O imenso belvedere ao meu redor estava completamente vazio.
Estranho.
Nunca havia visto este lugar com menos de mil pessoas. O som misturado de carros com músicas e vozes de dezenas de pessoas eufóricas. Óculos de sol, casais felizes, roupas de dois mil reais e uma coca-cola.
É engraçado, conheci o lugar quando era criança, na época, somente quem fazia voo livre ou morava por perto (meu caso) o conhecia.
A contemplação acontecia de forma mais pura antes da coca-cola, eu diria.
A multidão traz consigo algo um pouco besta. Uma espécie de ideologia em que o senso comum vem e come seu rabo. Ela não te aceita se você pensar um pouco diferente. O mundo pra multidão é um arco-íris em preto e branco, onde todos que a formam são seres divinos.
Pra mim as coisas eram muito mais cinzas. E muito mais humanas.
Apago a moto. Nenhum som.
Pequenas gotas de chuva começavam a cair. Caminho em direção ao vasto gramado em frente.
Sinto frio.
Sinto muitas coisas.
Paro na grama onde sentei na última vez que fui lá com alguém de algum passado.
Observo.
Uma grande massa de névoa cobria todo o belvedere silencioso. Não podia ver absolutamente nada.

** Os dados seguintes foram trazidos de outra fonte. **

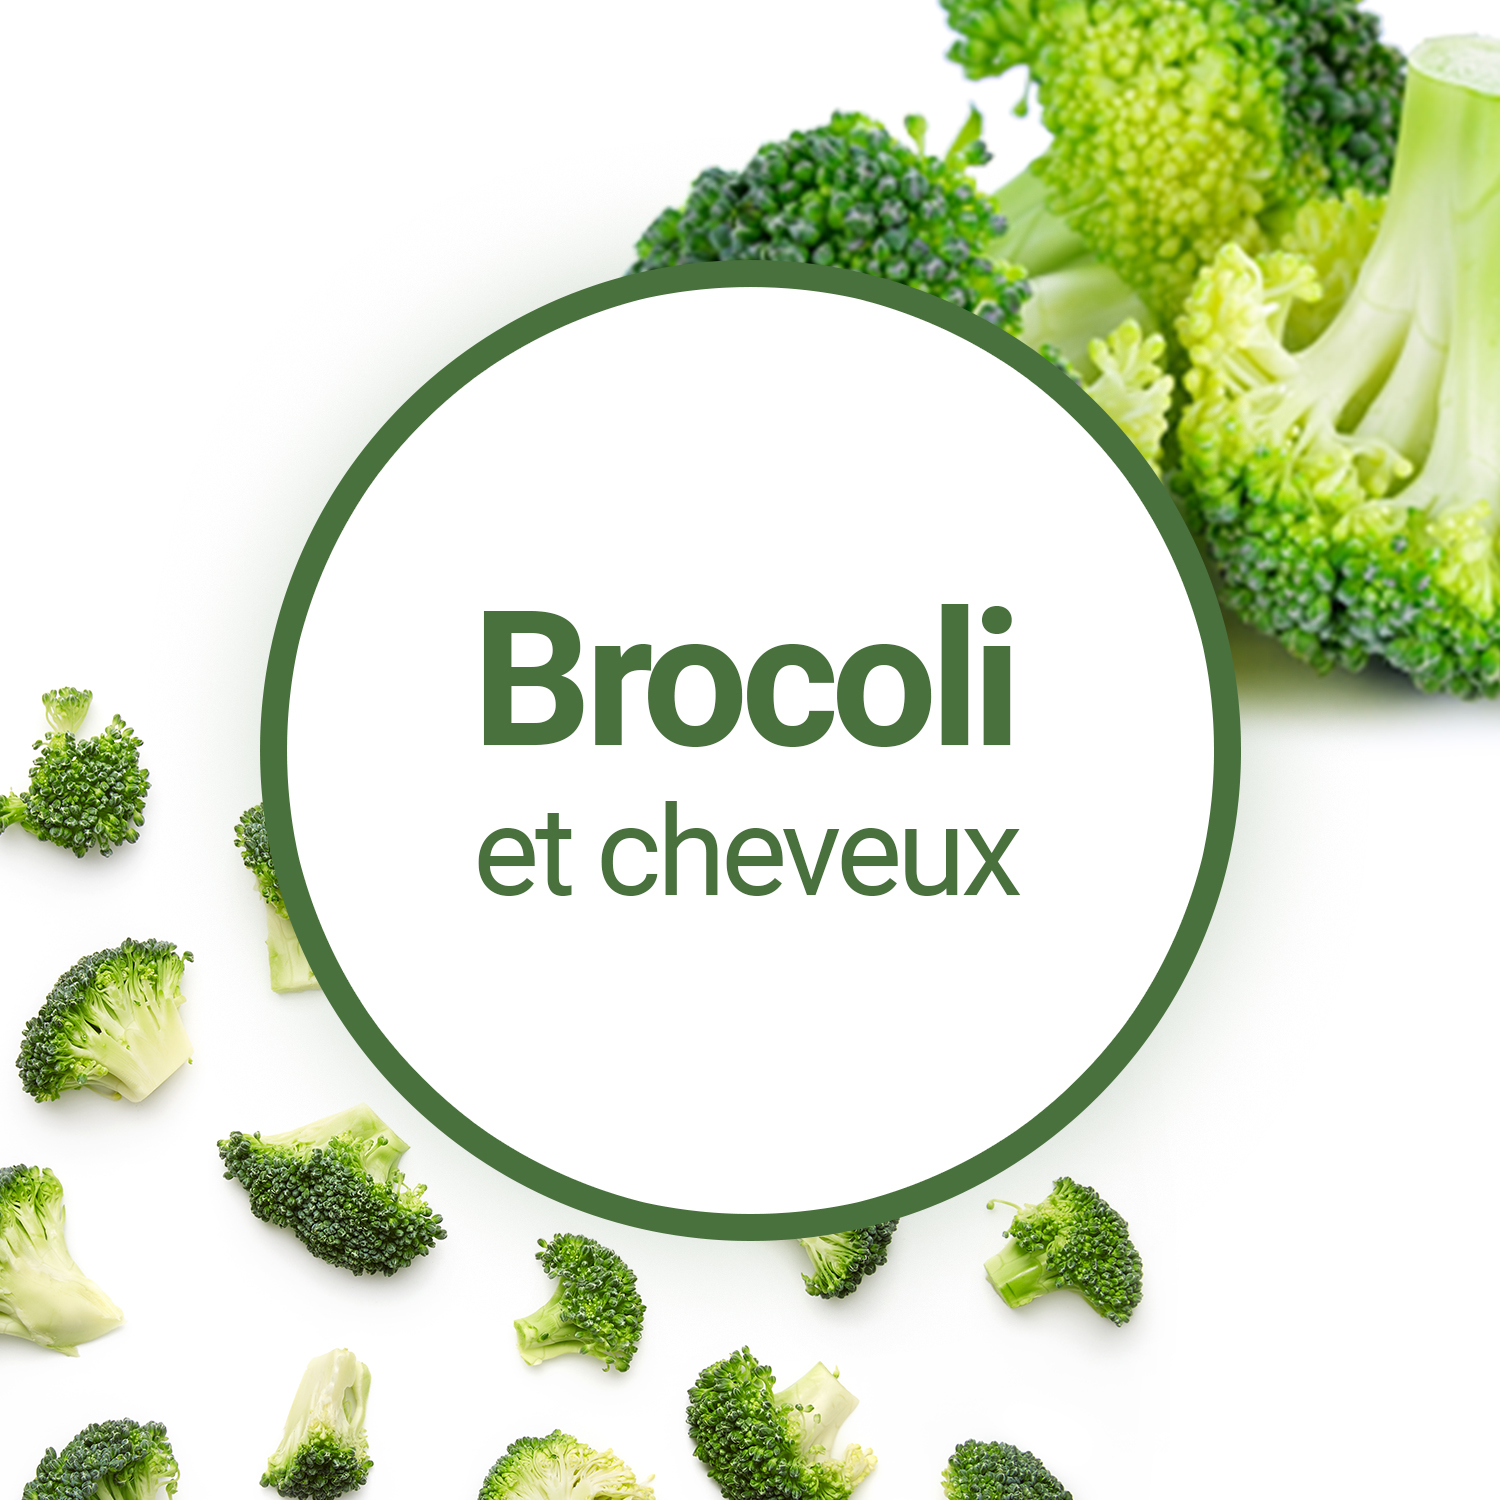 Les bienfaits de l'huile de brocoli - Je cosmétique

Lá estava eu numa quarta-feira ao meio-dia, junto com o iniciar da chuva, no topo de uma montanha, completamente sozinho, após percorrer alguns quilômetros de uma estrada de terra; sem a qual eu não poderia contemplar a visão de todas as pequenas cidades, homens, pedras, rios, formigas, putas e o que mais quer que haja lá embaixo.
Sorri.
A estranha música começou. Era um convite.
Como aquele momento místico em que você percorre uma estrada deserta, e em algum instante os quilômetros por hora ultrapassam seus batimentos cardíacos por minuto. Então você descobre algo.
The zone.
O fora e o dentro estão muito próximos de se tocarem.
Em ambos, há o topo, há a solitude, há o vazio, e a névoa.
Não há diferença entre os olhos estarem fechados ou abertos.
Sinto tudo ao meu redor. Observo para onde as cidades se escondem atrás das névoas, onde, ironicamente, em cada uma jaziam um, ou mais, amores mortos. Histórias de vidas inteiras que tomaram doses diferentes de caminhos diferentes.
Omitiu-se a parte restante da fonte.